Domain-Swapping Switch Point in Ste20 Protein Kinase SPAK

Abstract

The related protein kinases SPAK and OSR1 regulate ion homeostasis in part by phosphorylating cation cotransporter family members. The structure of the kinase domain of OSR1 was determined in the unphosphorylated inactive form and, like some other Ste20 kinases, exhibited a domain-swapped activation loop. To further probe the role of domain swapping in SPAK and OSR1, we have determined the crystal structures of SPAK 63-403 at 3.1 Å and SPAK 63-390 T243D at 2.5 Å resolution. These structures encompass the kinase domain and different portions of the C-terminal tail, the longer without and the shorter with an activating T243D point mutation. The structure of the T243D protein reveals significant conformational differences relative to unphosphorylated SPAK and OSR1 but also has some features of an inactive kinase. Both structures are domain-swapped dimers. Sequences involved in domain swapping were identified and mutated to create a SPAK monomeric mutant with kinase activity, indicating that monomeric forms are active. The monomeric mutant is activated by WNK1 but has reduced activity toward its substrate NKCC2, suggesting regulatory roles for domain swapping. The structure of partially active SPAK T243D is consistent with a multistage activation process in which phosphorylation induces a SPAK conformation that requires further remodeling to build the active structure.

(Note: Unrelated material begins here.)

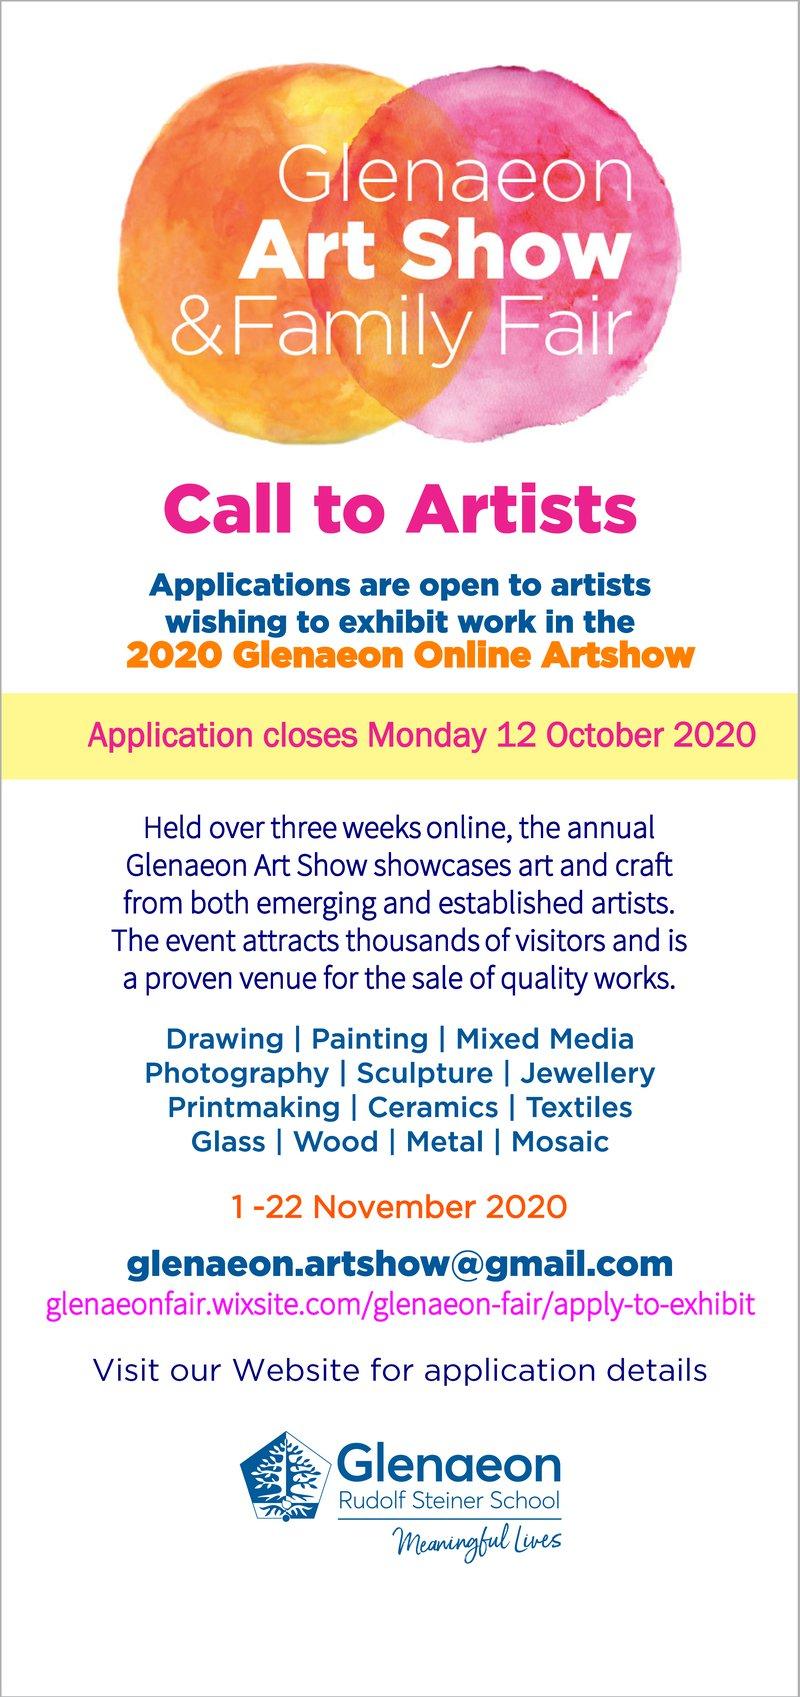 Glenaeon Art Show goes digital

Figure 1. Domain organization and structure of SPAK WT and T243D

(A) Domain organization of mouse SPAK. The kinase domain (residue 75–350) is shown in blue, the PF1 domain (residues 350–403) in green, and the PF2 domain (residue 462–556) in darker green. The SPAK T243D fragment crystallized is boxed. (B) Activation loop domain-swapped dimers of SPAK T243D and SPAK WT. The two SPAK T243D dimer subunits are colored orange and blue, and the two SPAK WT subunits are colored purple and yellow. (C) Ribbon diagram of a SPAK T243D subunit (or monomer) as observed in the domain-swapped dimer. α-helices-cyan; β-strands-magenta; glycine-rich loop- brown; catalytic loop- red; activation loop- blue; PF1 domain- yellow. AMP-PNP is shown in a stick representation.

Figure 2. Conformational changes occurring in SPAK T243D compared to SPAK WT and OSR1 WT

(A) Cartoon representation (α-helices represented as cylinders for clarity) of C-terminal domain alignments of SPAK WT (chain A; purple), SPAK T243D (chain A; orange), and OSR1 WT (chain A; green; PDB: 3DAK). Structural elements of particular interest are labeled. (B) Dimer interface near the domain-swapped activation loop and SPAK T243/OSR1 T185 WNK phosphorylation site. Labels marked with a prime (‘) correspond to the second monomer in the dimer. Spheres represent the first residue observed in the activation loop electron density and the SPAK T247'/OSR1 T189' catalytic residue. (C) The D-K-T catalytic triad interaction, formed by catalytic loop residues D204 and K206 and domain-swapped activation loop residue T247', is only present is SPAK T243D. (D) The essential K-E ion pair, between β3 K104 and αC E121, which is a hallmark of active kinases, is not present in SPAK WT or SPAK T243D. An interaction between catalytic loop residue R203 and E121 is present in SPAK WT but lost in SPAK T243D.

Figure 3. Identification and mutation of the domain-swap hinge

(A) Multiple sequence alignment of representative sequences of domain swapped kinases SPAK, DAPK3, CHK2, SLK, LOK, compared to the non-swapped kinases PAK6 and TAO2. The position corresponding to G261 in SPAK is boxed in green. (B) Superposition of SPAK T243D and the non-swapped kinase PAK6 (PDB 2C30) reveals the difference in the αEF/αF loop. SPAK is colored in orange and PAK6 is in gray. The switch point R260/G261 in SPAK and S576/L577 in PAK6 are represented in sticks and colored in red and purple, respectively. (C) View near αEF and αEF’ helices using chain A structural alignments of SPAK WT, SPAK T243D, and OSR1 WT dimers. Positional differences begin to occur near G261 and G261' (G203 in OSR1). (D) Gel filtration profile of SPAK T243D and SPAK (T243D/R260S/G261L).

Figure 4. Effect of the R260S/G261L mutation on SPAK activity

(A) Coupled protein kinase assay. SPAK 63–403 WT and R260S/G261L mutant were preincubated with ATP-MgCl₂ for 30 minutes with or without WNK1, after which [γ-³²P]-ATP was added for radiolabeling, and GST-NKCC2 1–175 was added as substrate. (B) Kinase assays comparing activity of SPAK 63–403 with and without the R260S/G261L mutation. T243E is an activating phosphomimetic mutation in the SPAK activation loop. All results in (A) and (B) are reported as relative activities, and as the mean and standard deviation of triplicate measurements quantified by phosphoimaging.